Little Smalltalk is a good example of taking a textual representation
and bootstrapping an image from it. GNU Smalltalk didn't even use images
the last time I looked at it. I consider Self to be a Smalltalk (just
not a Smalltalk-80) and it can start with either a snapshot (its name
for image) or with an empty world and load text files (possible because
the source to bytecode compiler is included in the VM).

> - All Smalltalks includes UI classes. (GemStone doesn't have AFAIK)

The MS-DOS port of Squeak had no GUI, just a command line prompt. That
was also the case for GNU Smalltalk and Little Smalltalk.

> .- All implementations uses direct pointers, (GST?)

The RoarVM for Squeak uses object tables.
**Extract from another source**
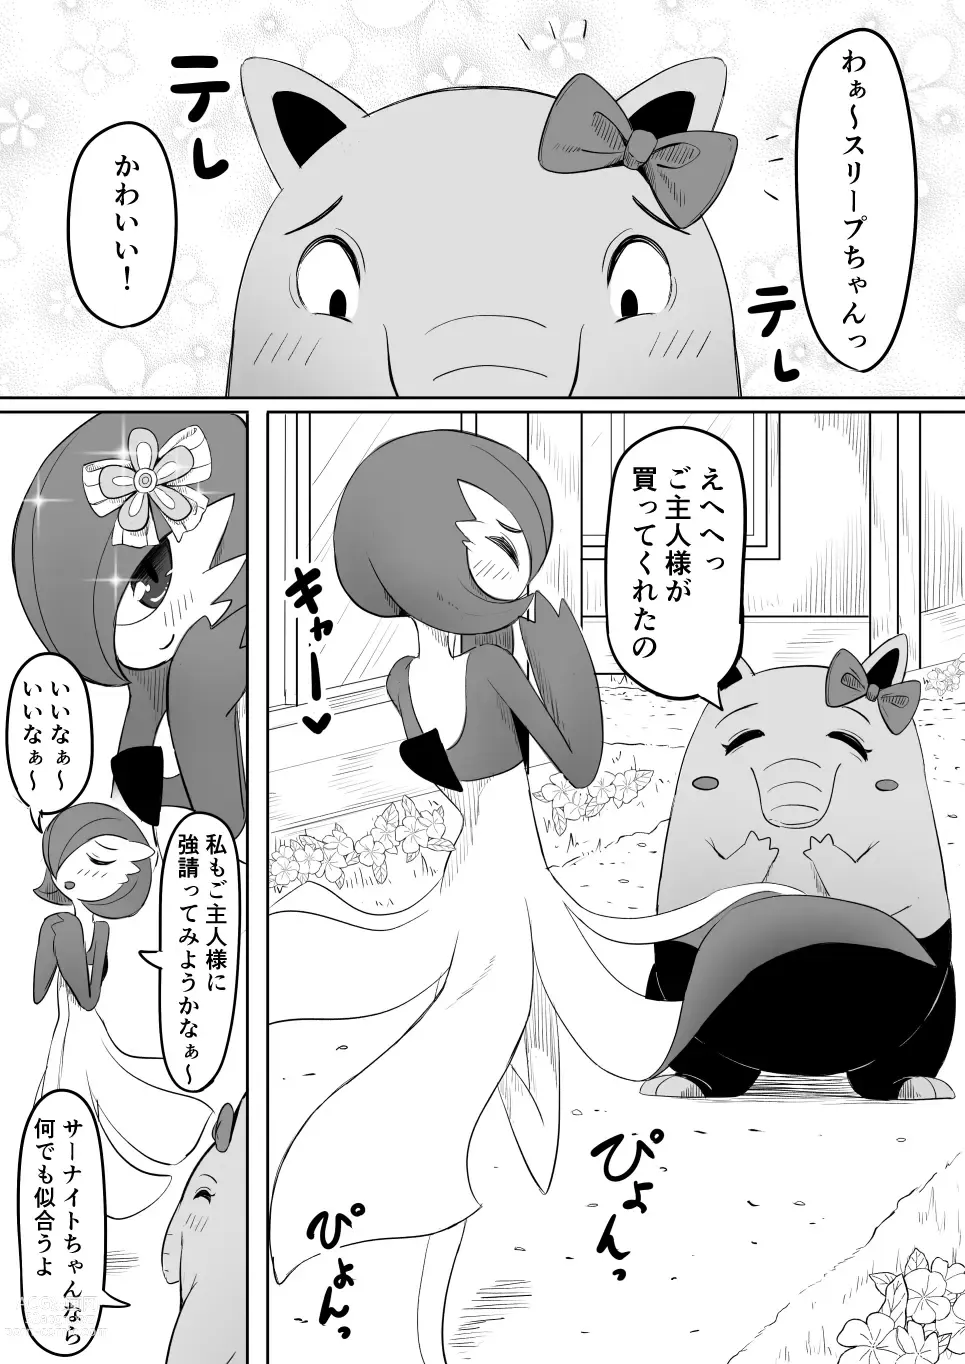 Page 6 of doujinshi Koi o Shita Sleeper-chan.

In fact, the lack of direct
pointers in early implementations is what led to the use of #become:
which complicated the adoption of direct pointers. VisualWorks has an
indirection pointer in the header - see slide 7 of

https://www.slideshare.net/esug/spur-a-new-object-representation-for-cog

> - All implementations uses green threads. (VAST? MT?)

I would say this was a side effect of patching the original Smalltalk,
which was its own operating system (and so the idea of green thread
doesn't apply) to run on top of Unix on commercial workstations. All the
old code supposed the mix of cooperative and preemptive multithreading
that breaks down if you have multiple native threads.

Some from scratch Smalltalks copied this model while others (I am pretty
sure it was the case for MT, as you mentioned) had their libraries
written with native threads in mind.

-- Jecel